* **WORK TO COMPLETE**:
Everything in the listing must be repeated exactly, apart from the images.
#### INFORMATION SUPPLIED
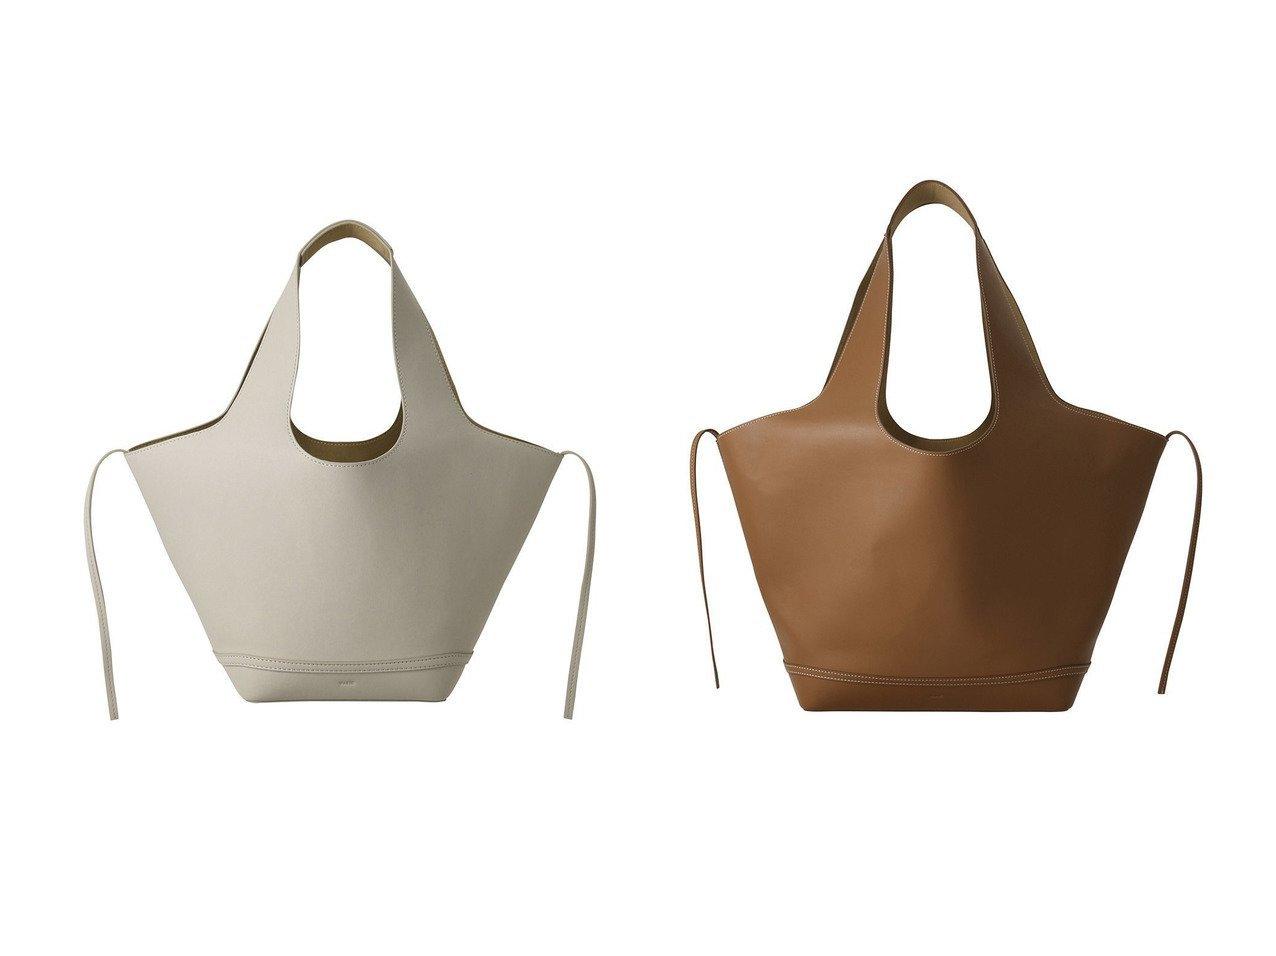 【VASIC/ヴァジック】のMask Mini トートバッグ&Mask トートバッグ バッグ・鞄のおすすめ!人気トレンド・レディースファッションの通販 おすすめで人気のファッション通販商品 インテリア・家具・キッズファッション・メンズファッション・レディースファッション・服の通販 founy(ファニー) https://founy.com/ ファッション Fashion レディース WOMEN バッグ Bag シンプル ハンドバッグ フォルム  ID:crp329100000006087
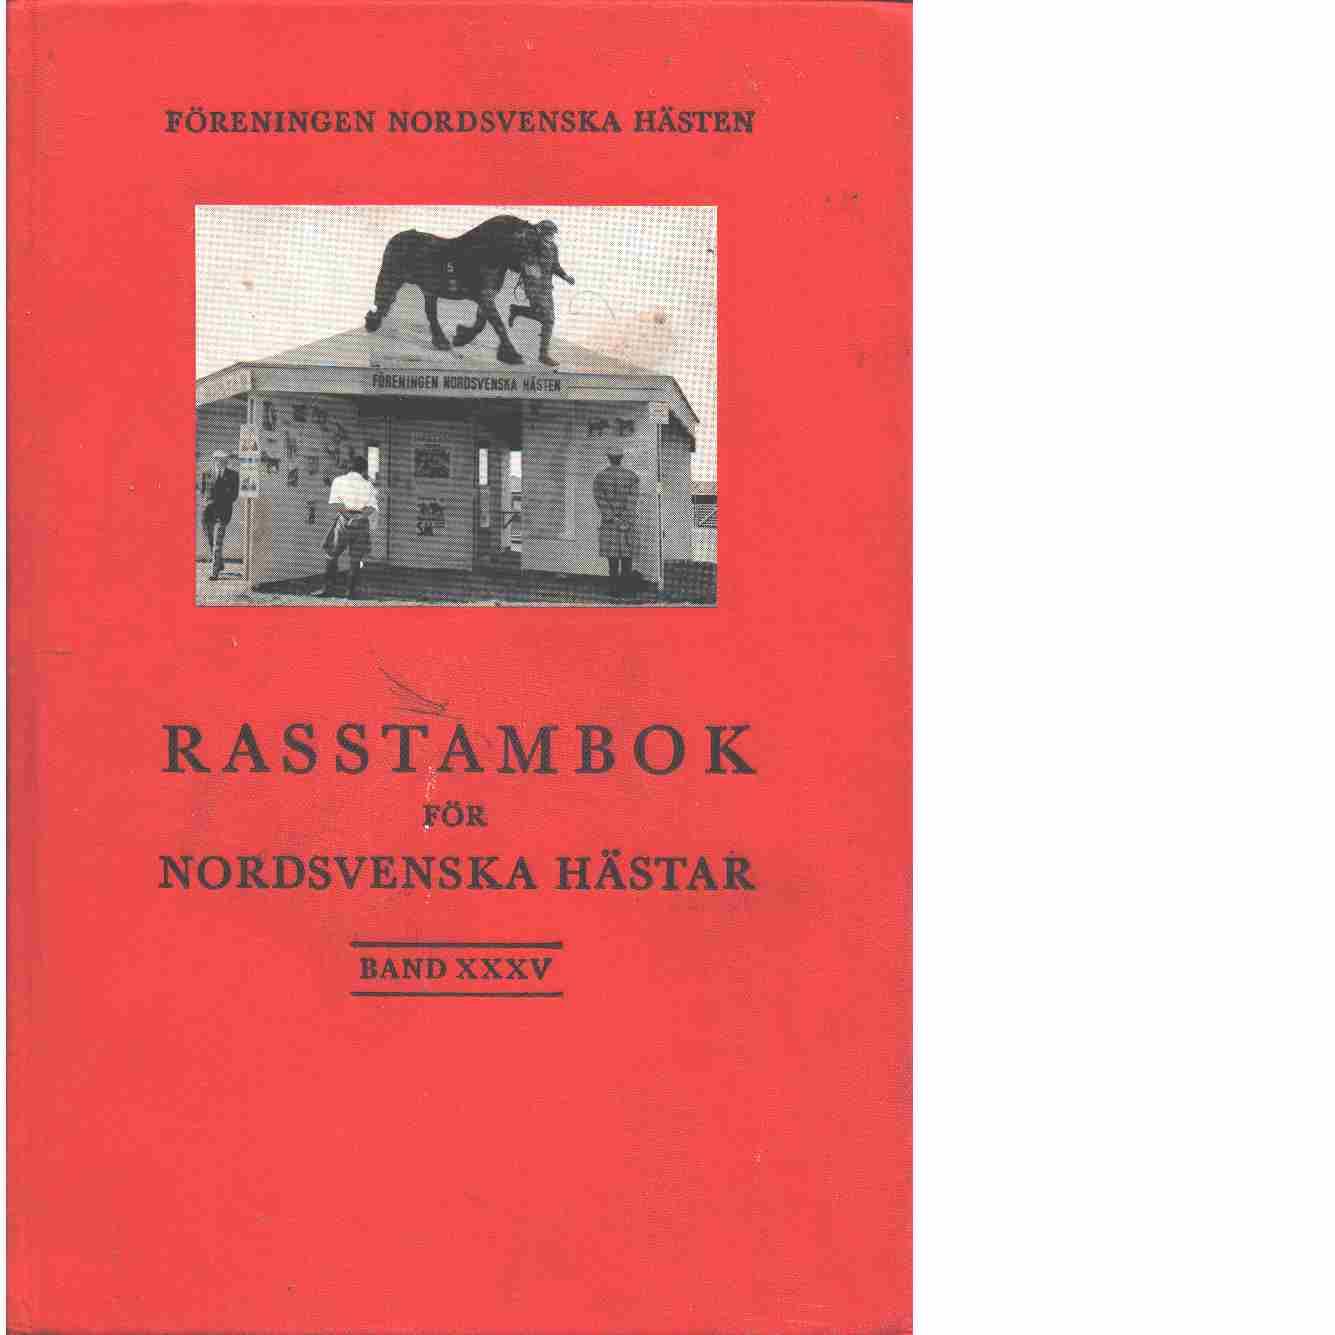 Rasstambok för nordsvenska hästar.  Band XXXV - Red. Föreningen Nordsvenska hästen
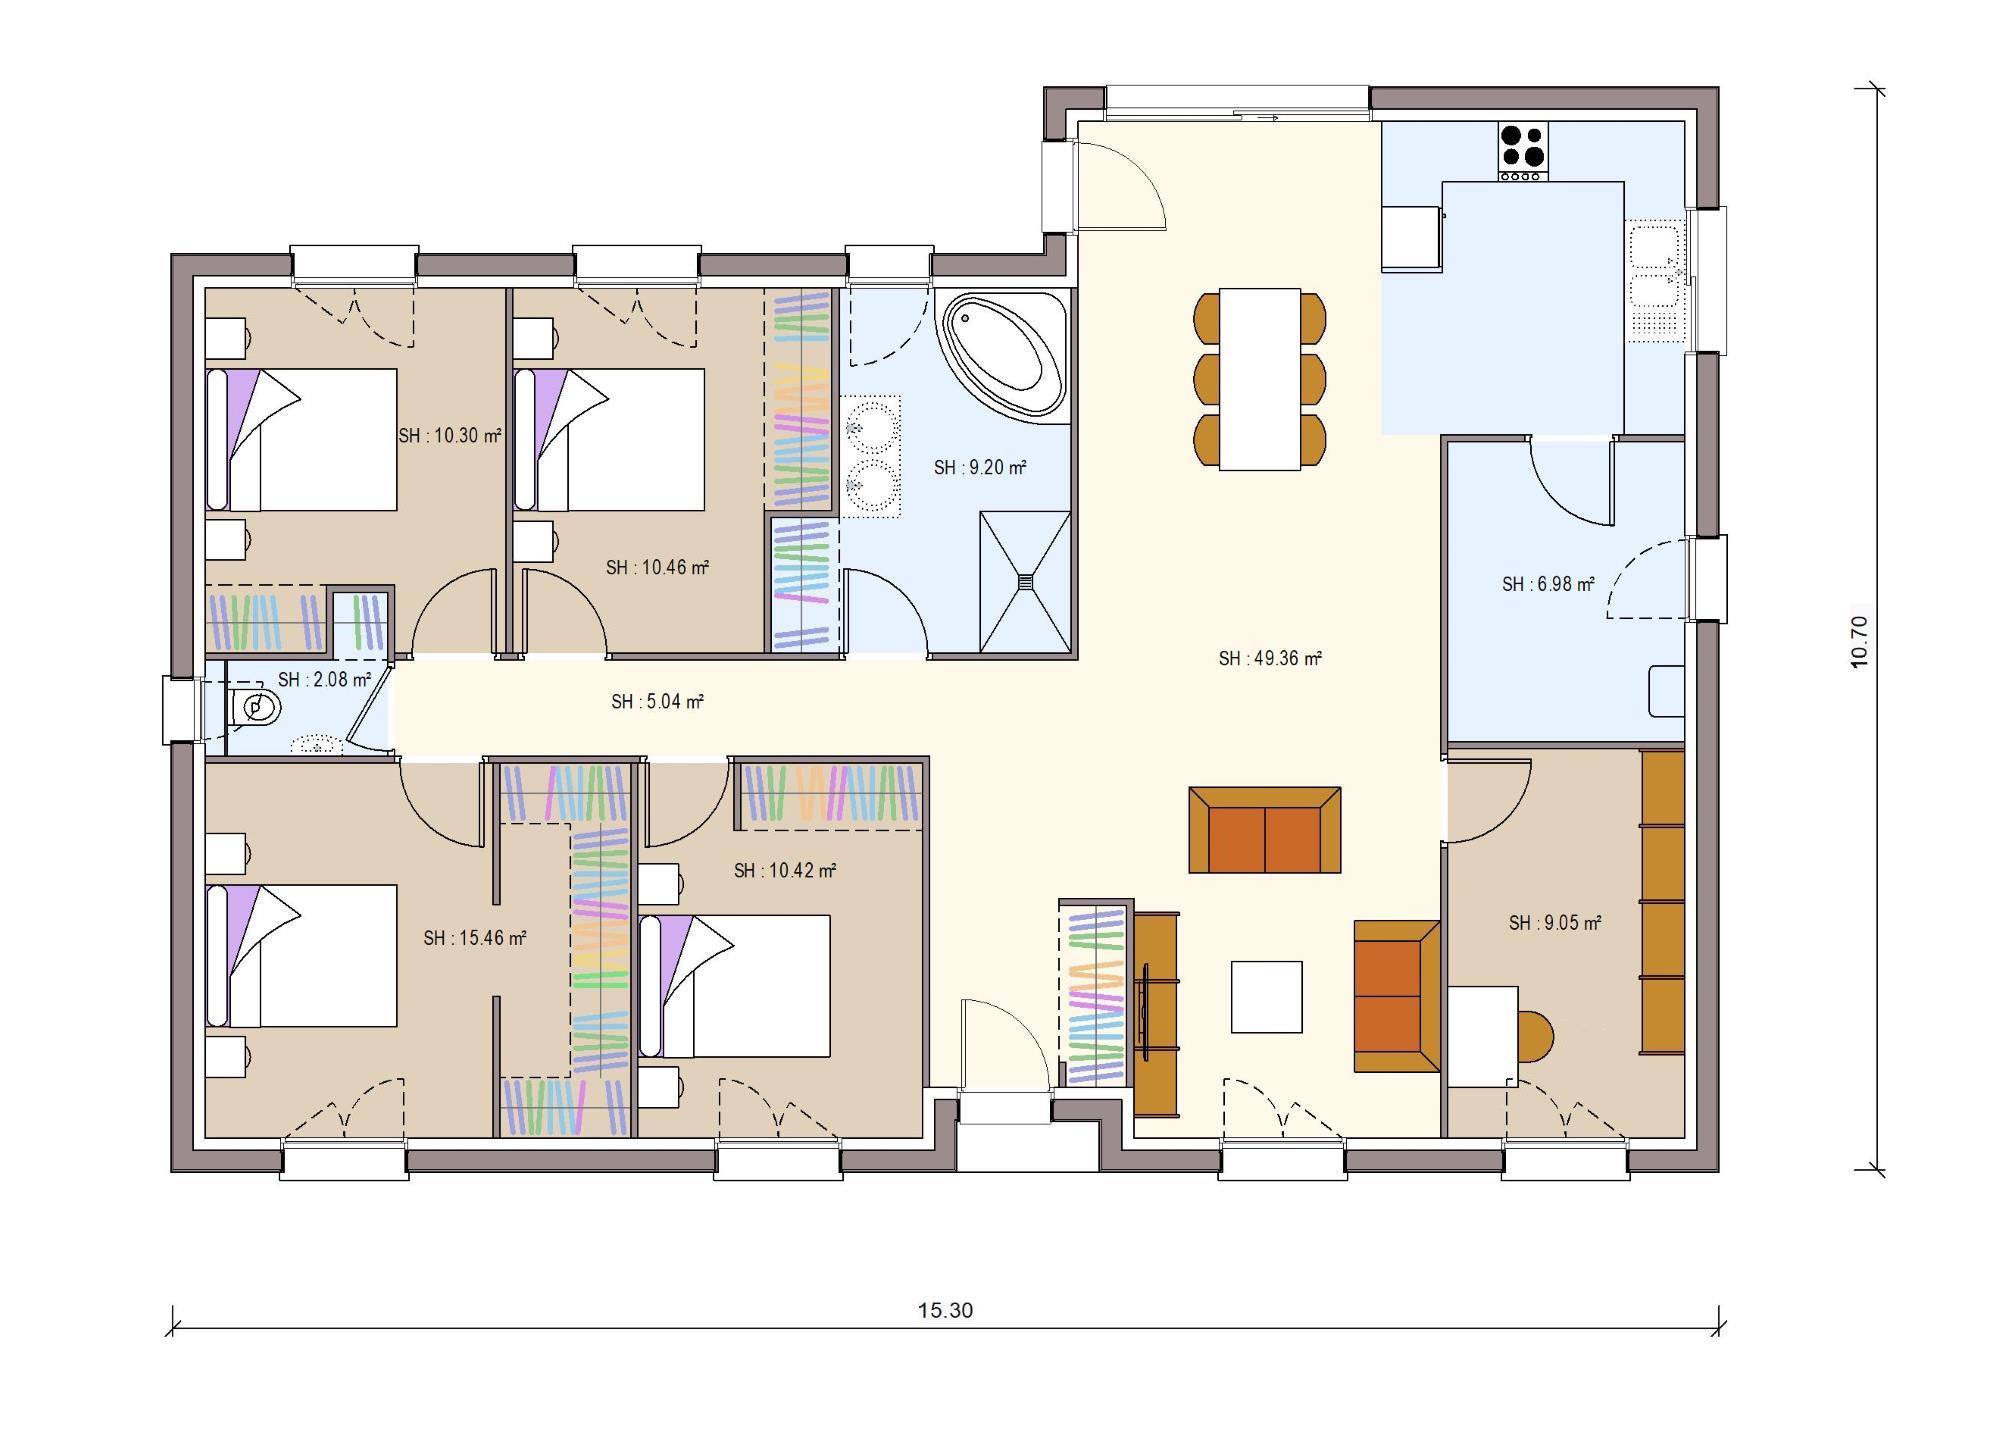 Plan Maison 4 Chambres Montceau Les Mines 128 M2 Fdconstructions
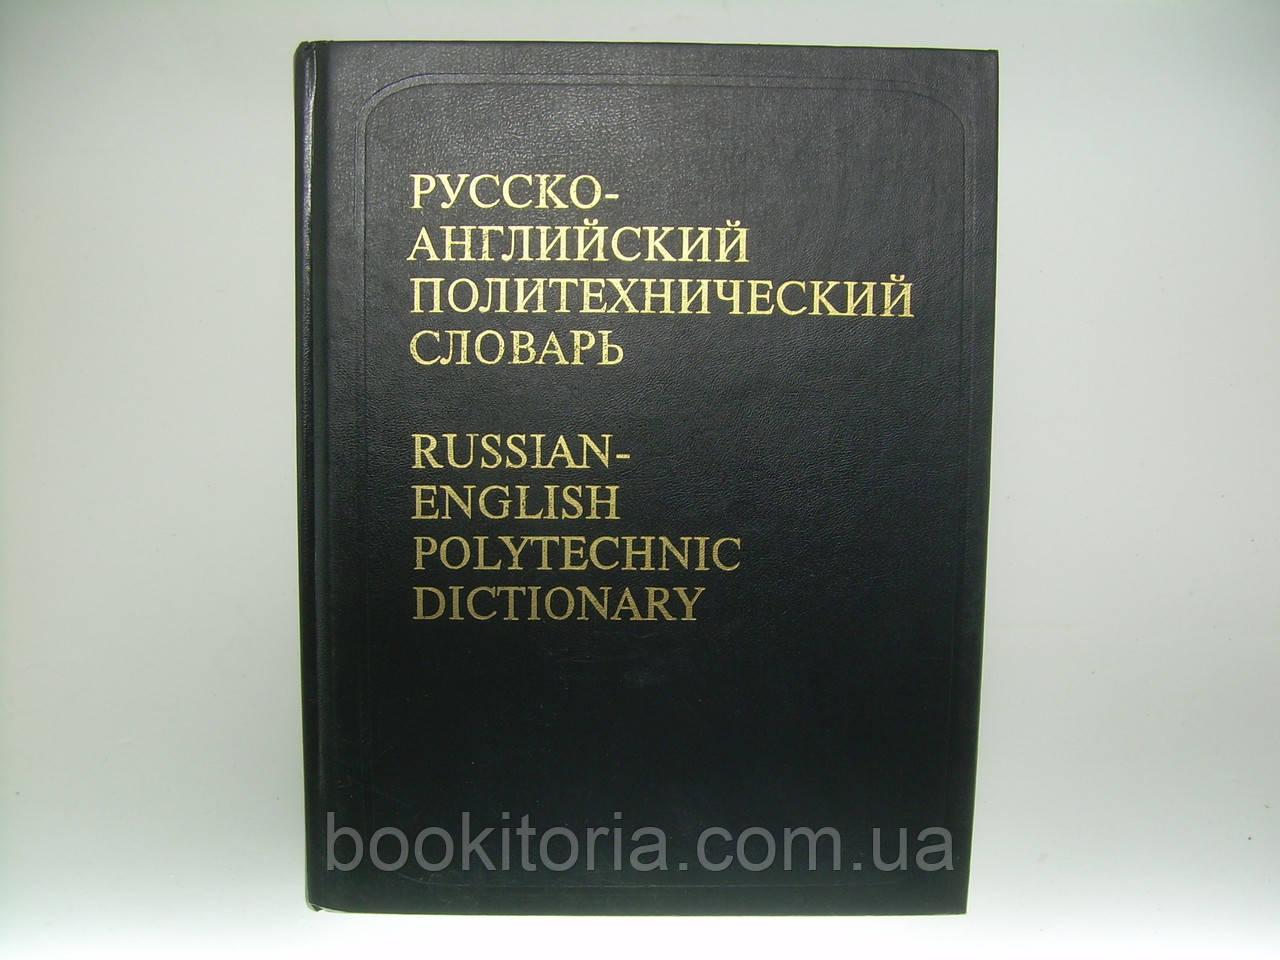 Русско-английский политехнический словарь (б/у).
########
* **EXERCISE ANSWER**:
 【VASIC/ヴァジック】のMask Mini トートバッグ&Mask トートバッグ バッグ・鞄のおすすめ!人気トレンド・レディースファッションの通販 おすすめで人気のファッション通販商品 インテリア・家具・キッズファッション・メンズファッション・レディースファッション・服の通販 founy(ファニー) https://founy.com/ ファッション Fashion レディース WOMEN バッグ Bag シンプル ハンドバッグ フォルム  ID:crp329100000006087
 Rasstambok för nordsvenska hästar.  Band XXXV - Red. Föreningen Nordsvenska hästen
 Plan Maison 4 Chambres Montceau Les Mines 128 M2 Fdconstructions
 Русско-английский политехнический словарь (б/у).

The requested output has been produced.